TASK REQUIREMENTS: The data must be reproduced verbatim; images are to be omitted.

[PROVIDED MATERIAL Boundary: Start]

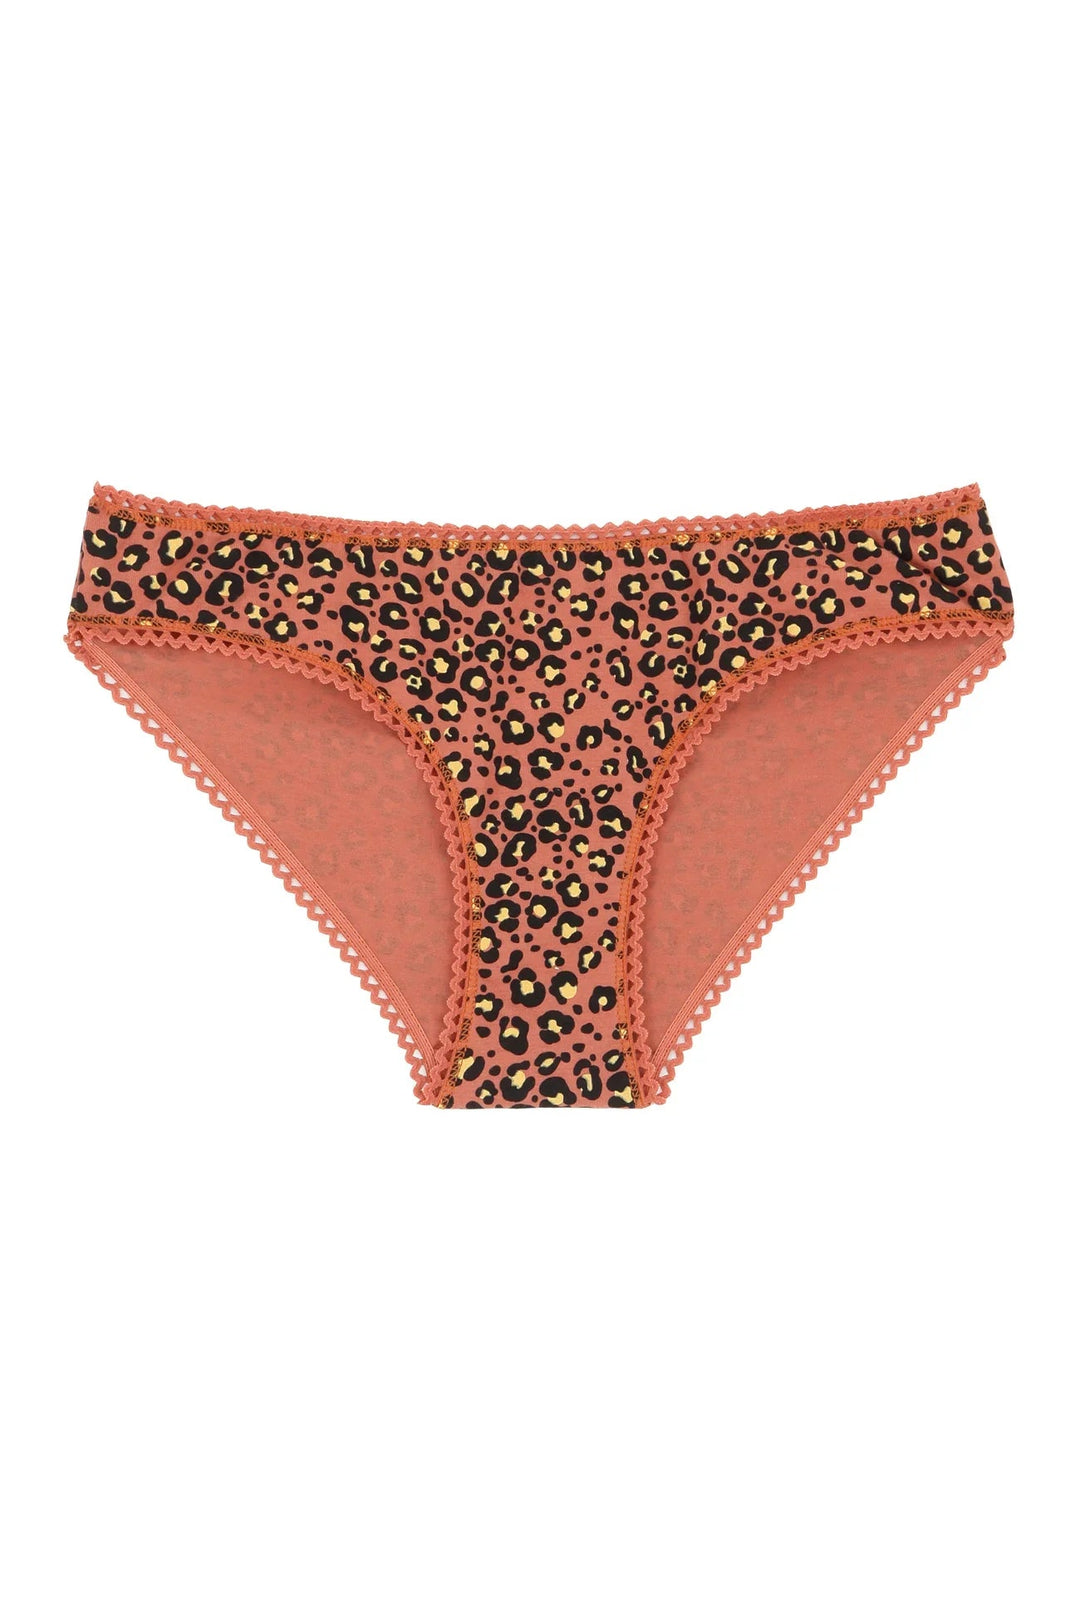 Culotte coton biologique - Leopard rose - rose - fairytale
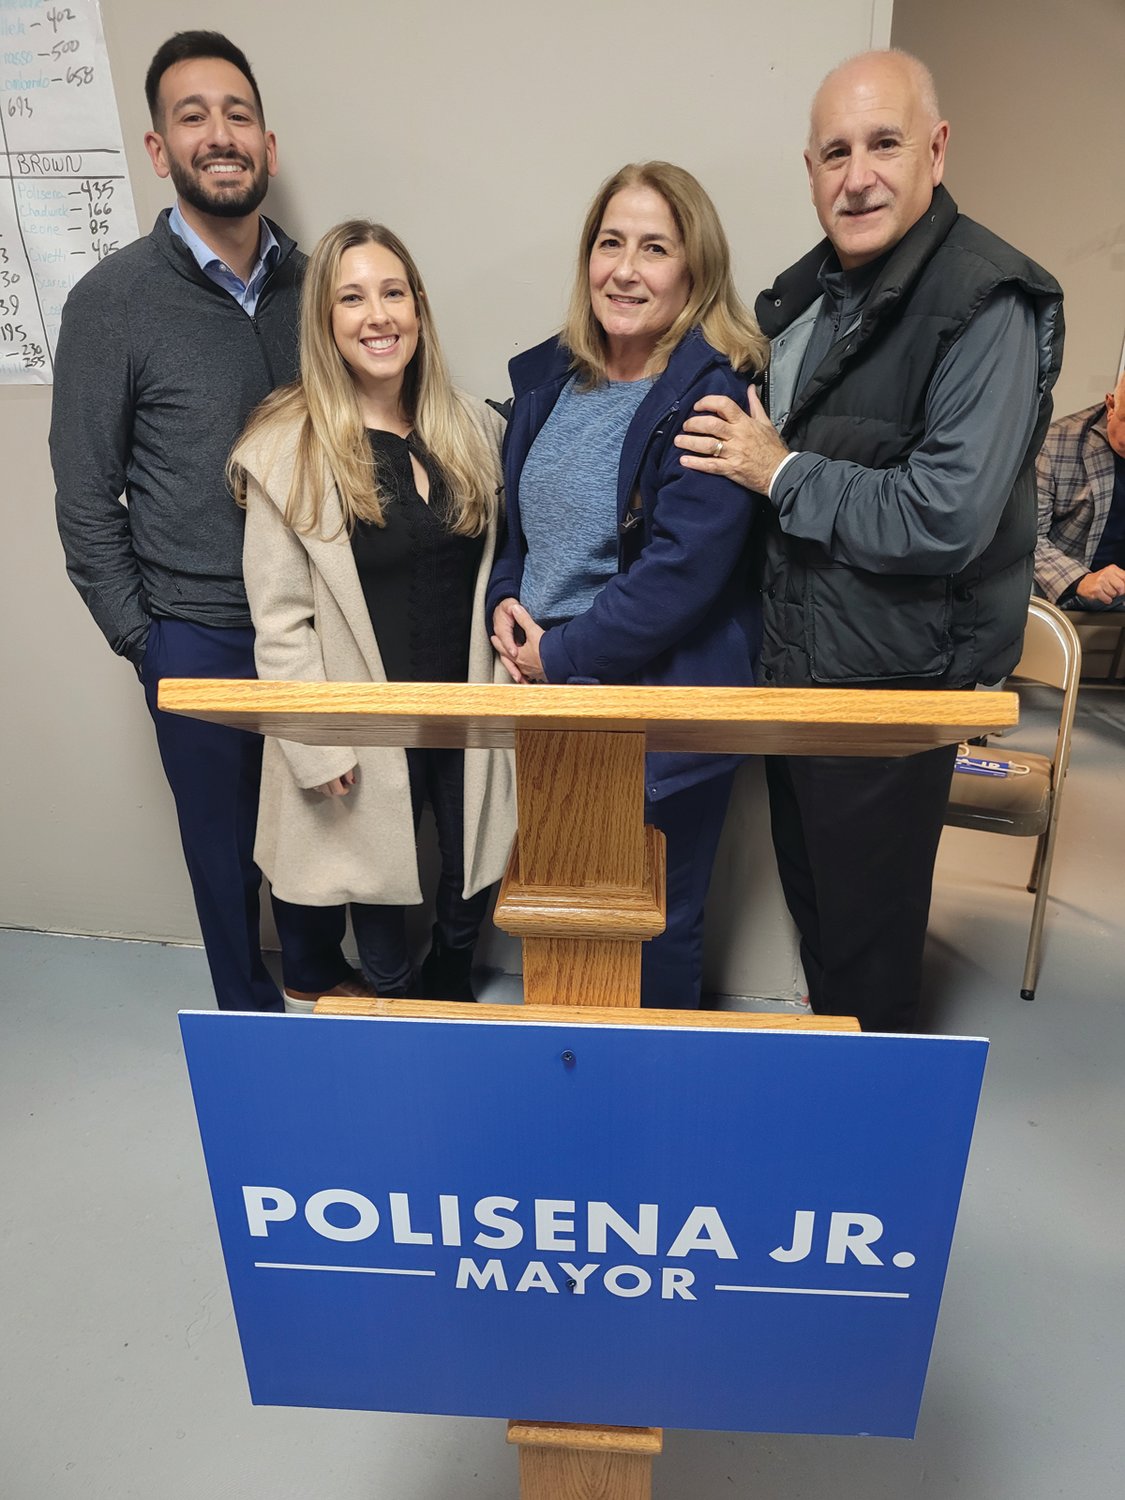 FAMILY AFFAIR: The Polisena family poses for a photo following Johnston Mayor-elect Joe Polisena Jr.’s General Election night victory.
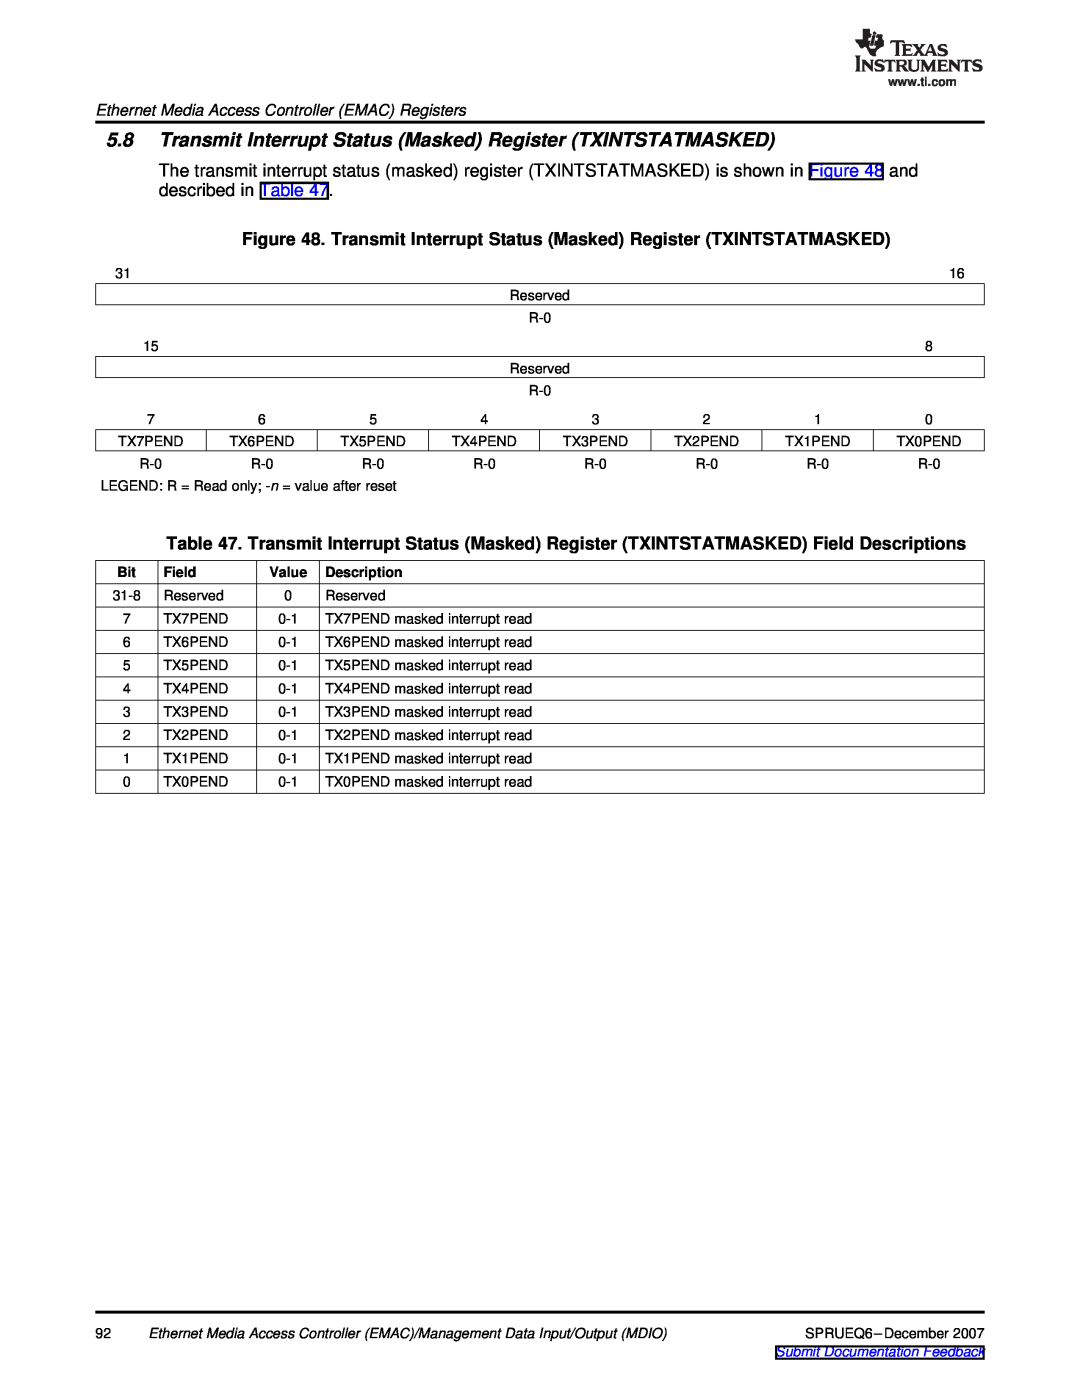 Texas Instruments TMS320DM646x manual Transmit Interrupt Status Masked Register TXINTSTATMASKED, Field, Value, Description

[PROVIDED MATERIAL Boundary: End]

TASK RESULT:
 Culotte coton biologique - Leopard rose - rose - fairytale
 FAMILY AFFAIR: The Polisena family poses for a photo following Johnston Mayor-elect Joe Polisena Jr.’s General Election night victory.
 Texas Instruments TMS320DM646x manual Transmit Interrupt Status Masked Register TXINTSTATMASKED, Field, Value, Description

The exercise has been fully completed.